Aviation Engines

Liberty Aero Engine

The Liberty engine was not a 'company' engine as such, in that there was not a company called Liberty. The engine was designed in a short period of time by two men, E.J. Hall of Hall-Scott, and Jesse Vincent of Packard. The very first engine made was a V8, followed very quickly by the V12 version which was to become famous for the number of aircraft it was fitted into, and for its quite long life in actual flying service. The project was the result of the US war Department's efforts to produce a volume engine which could be made by a variety of manufacturers and be put into production quickly.

Liberty V12  Aero Engine

Liberty V12 Aero Engine

The design was carried out in about five days in a hotel suite in Washington, and the engine went on to a production run of over twenty thousand, most of them made before November 1918, the month of the Armistice.
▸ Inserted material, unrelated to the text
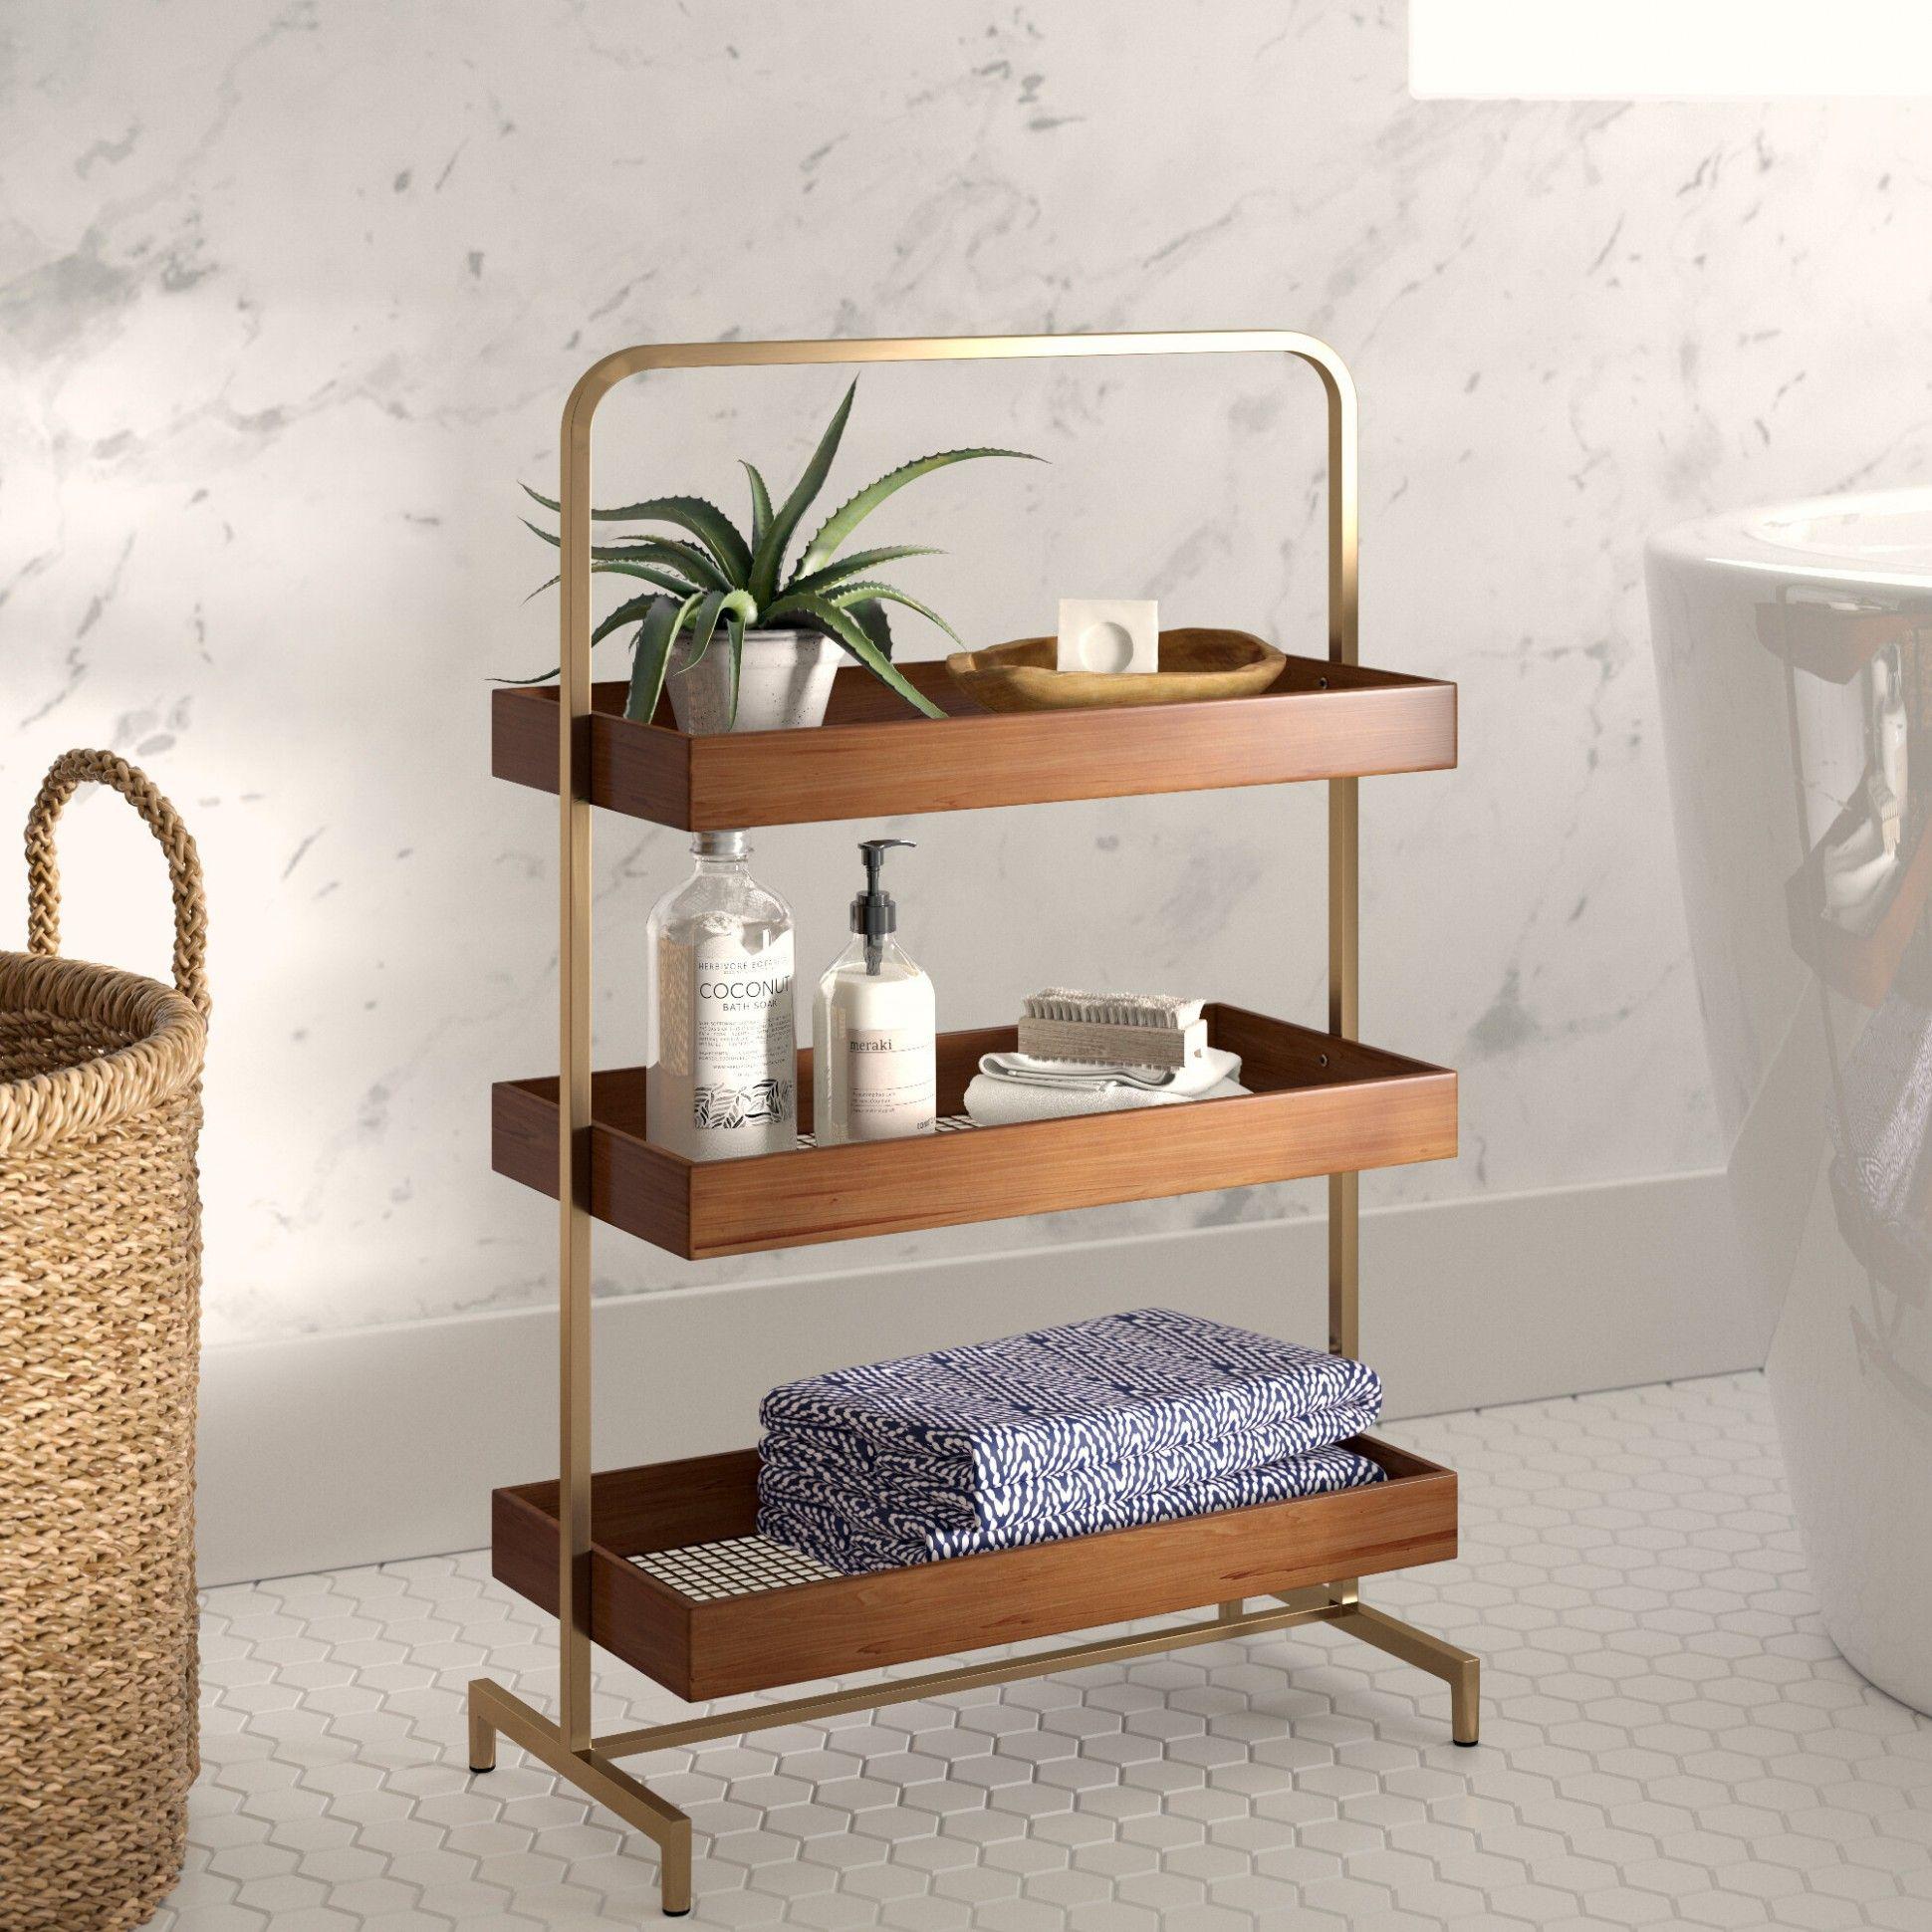 Bathroom Shelves Wayfair in 10  Shelves, Decor, Zen bathroom

The engine had a swept volume of 1649 cu ins and unusually for an aircraft engine it had coil ignition. It remained in service until the early 1930's with the RAF and slightly later with the US Army. The engine was a 45 Deg V12 with exposed valve gear and water cooling. The use of individual cylinders enabled replacement to be carried out on the aircraft, and also made for easier production, once the welded water jackets were replaced by cast blocks.

Liberty V12 Aero Engine

Liberty V12 Aero Engine

The engines were probably the first reliable mass produced aero engine of this century, and with repairs they achieved remarkable hours on the wing compared with earlier efforts by the engine builders. The Liberty was produced by a number of manufacturers under Govt licence, and started quite a few companies up in the repair business.